- Exercise details
The result should be the listing below restated word for word, with images left out.

- Information shown
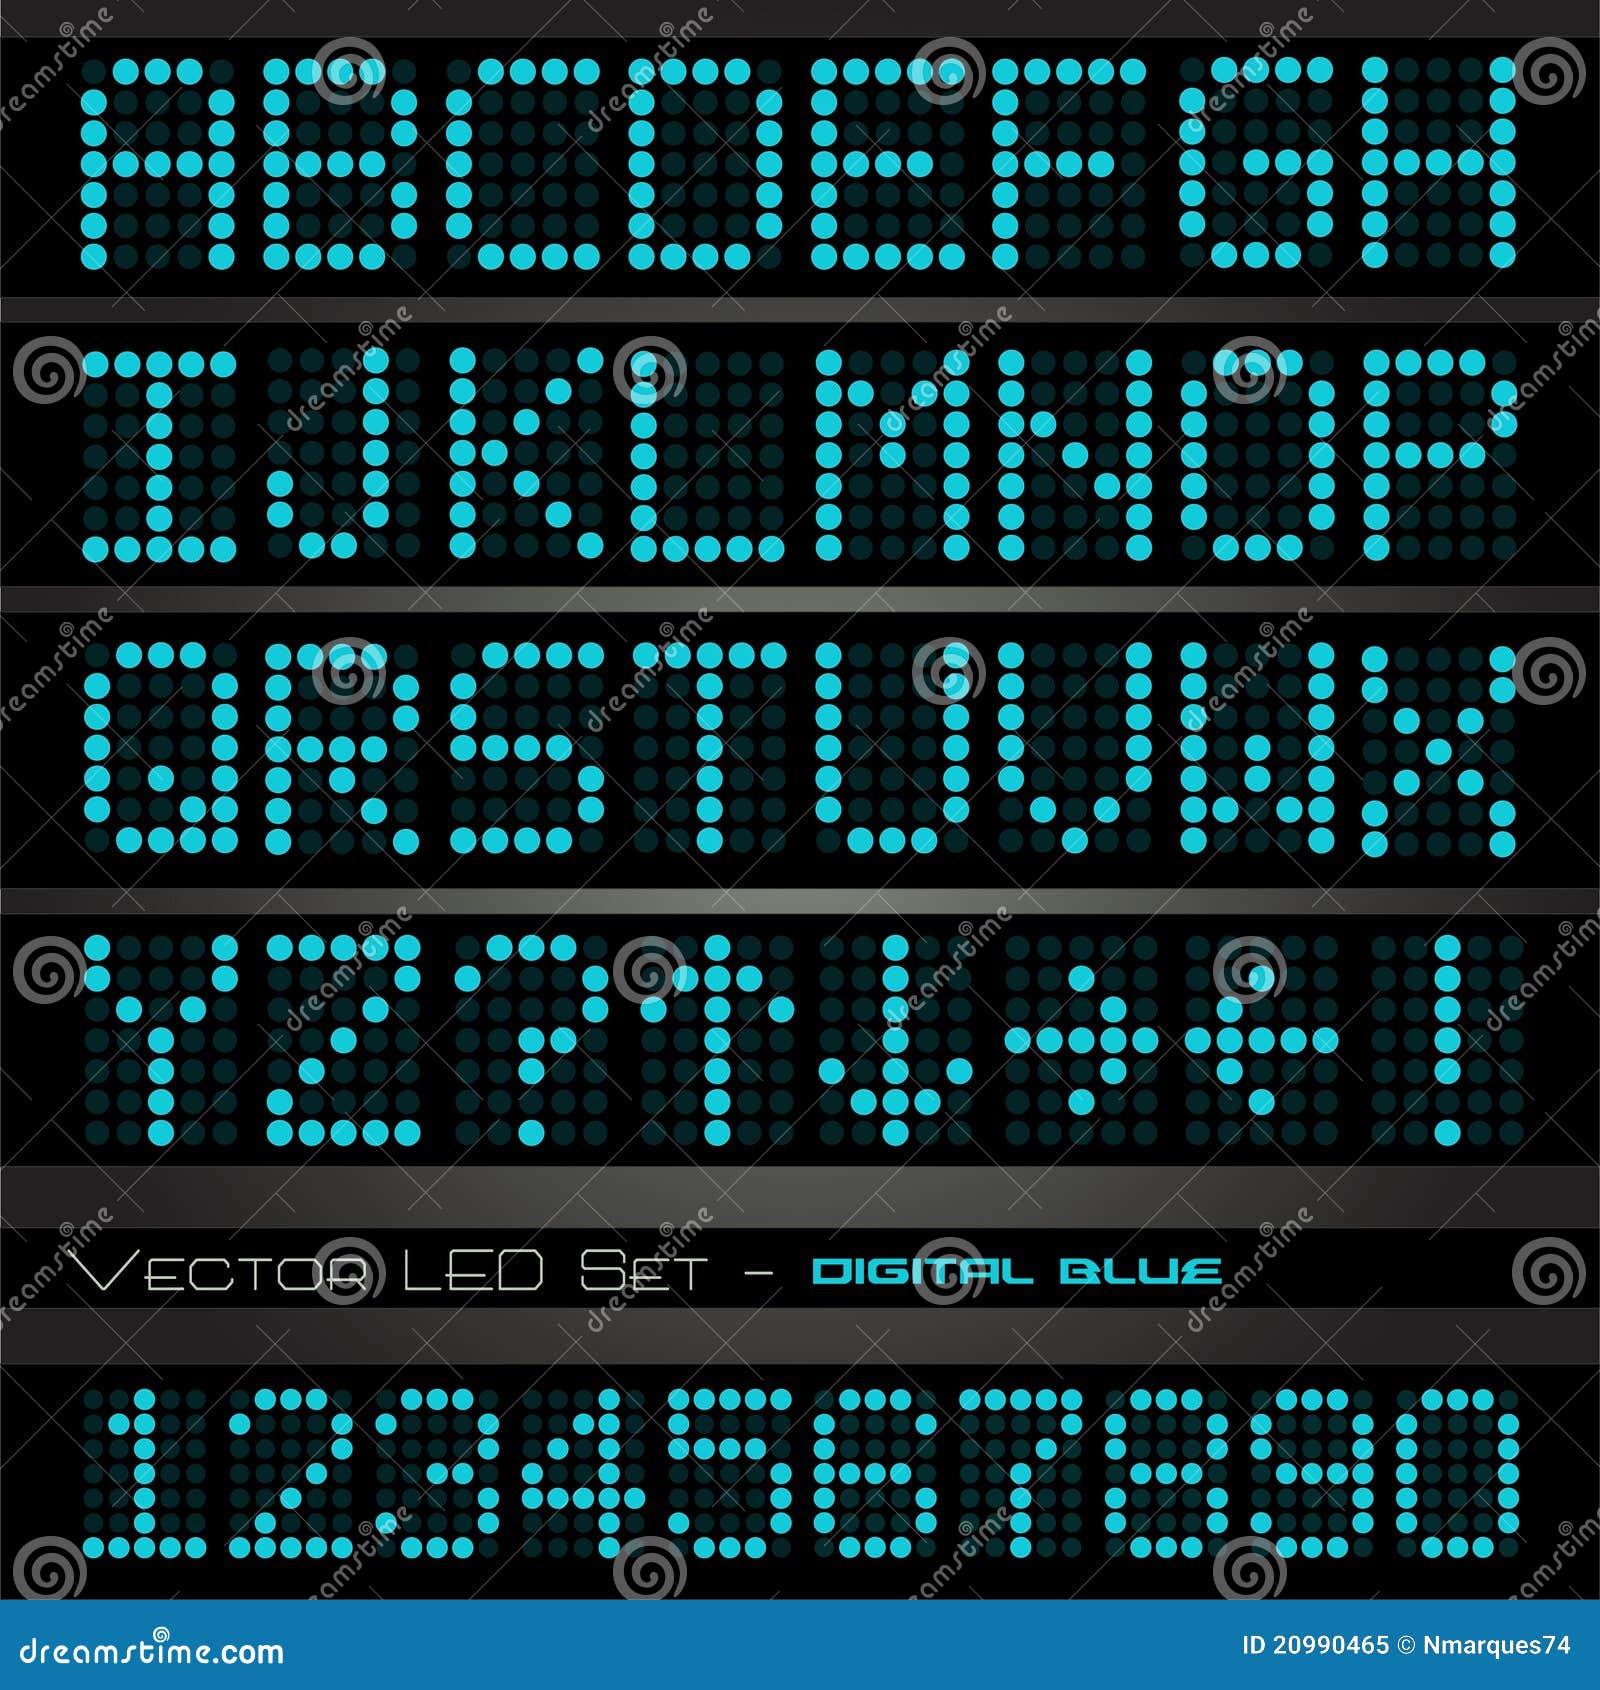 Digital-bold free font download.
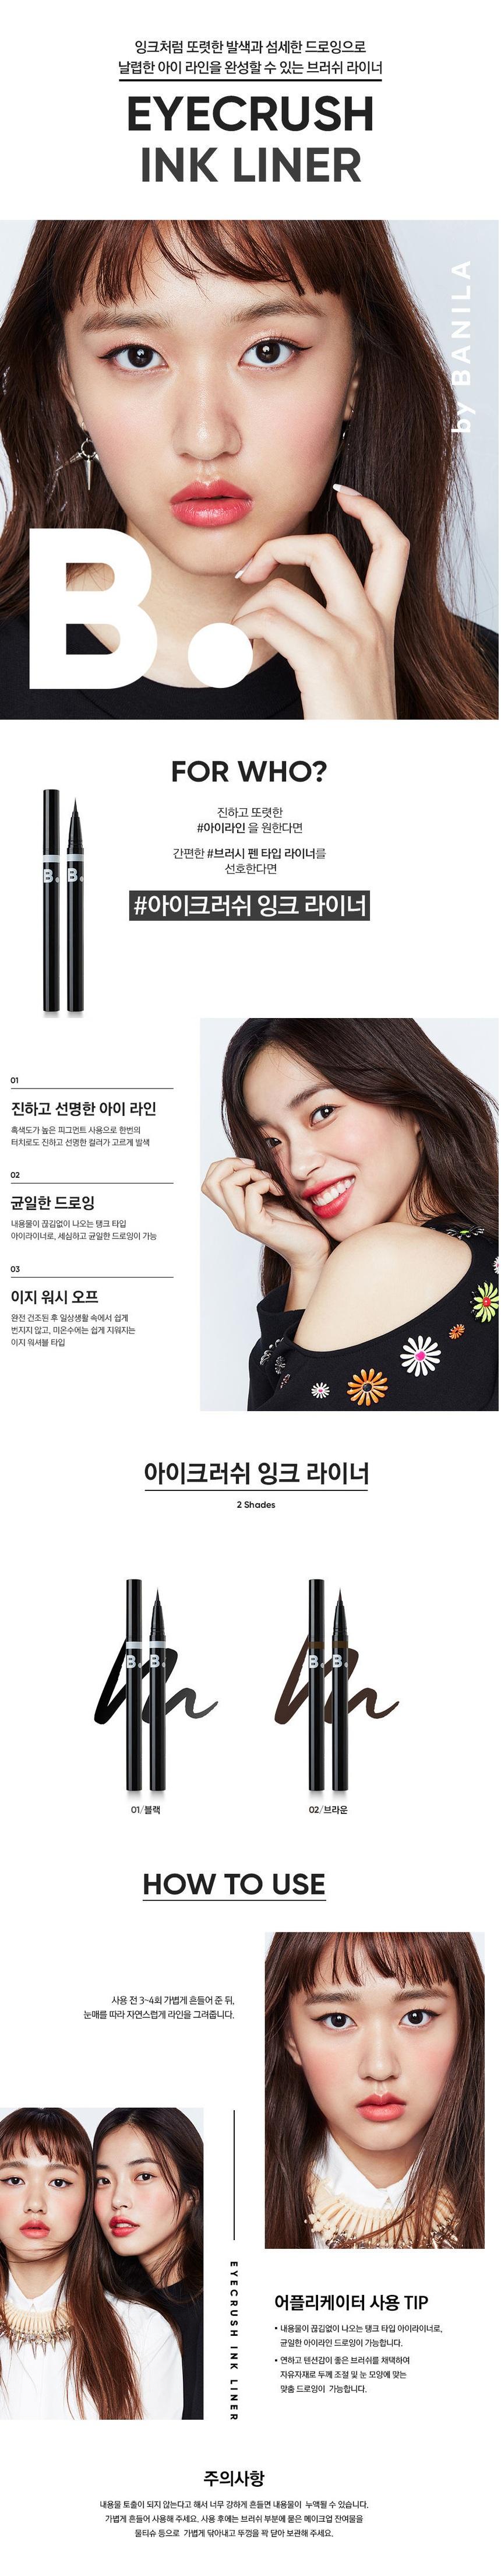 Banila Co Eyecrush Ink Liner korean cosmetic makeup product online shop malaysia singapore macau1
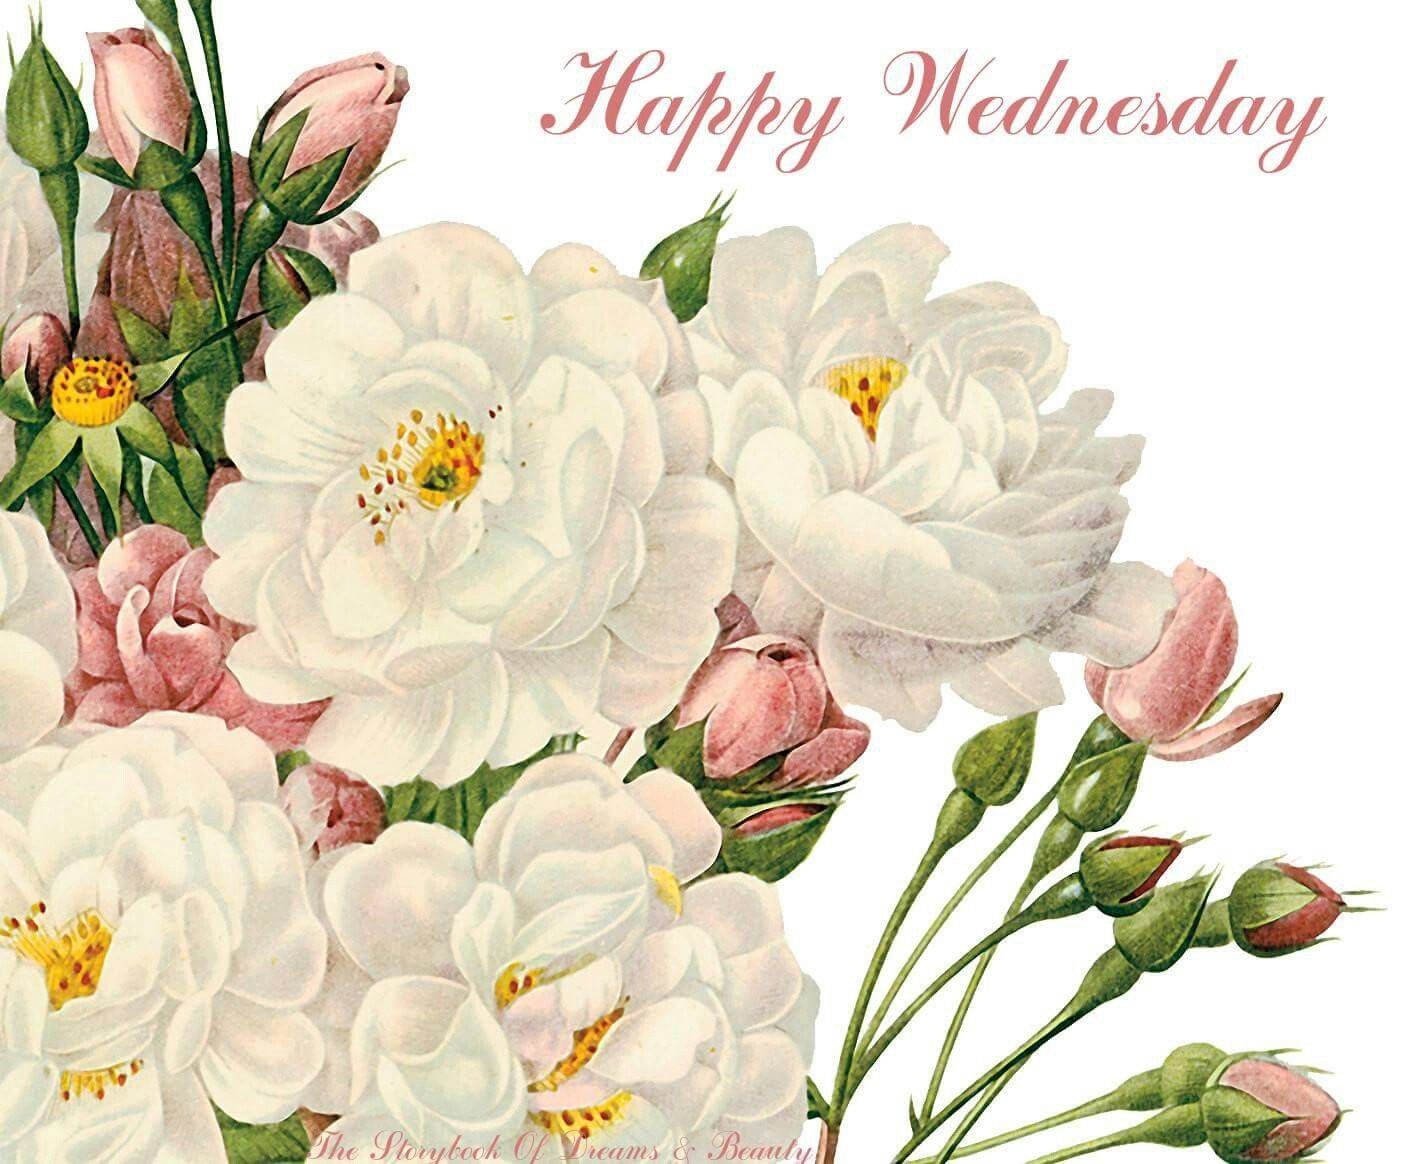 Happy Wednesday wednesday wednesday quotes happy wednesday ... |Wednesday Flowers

- Expected answer
 Digital-bold free font download.
 Banila Co Eyecrush Ink Liner korean cosmetic makeup product online shop malaysia singapore macau1
 Happy Wednesday wednesday wednesday quotes happy wednesday ... |Wednesday Flowers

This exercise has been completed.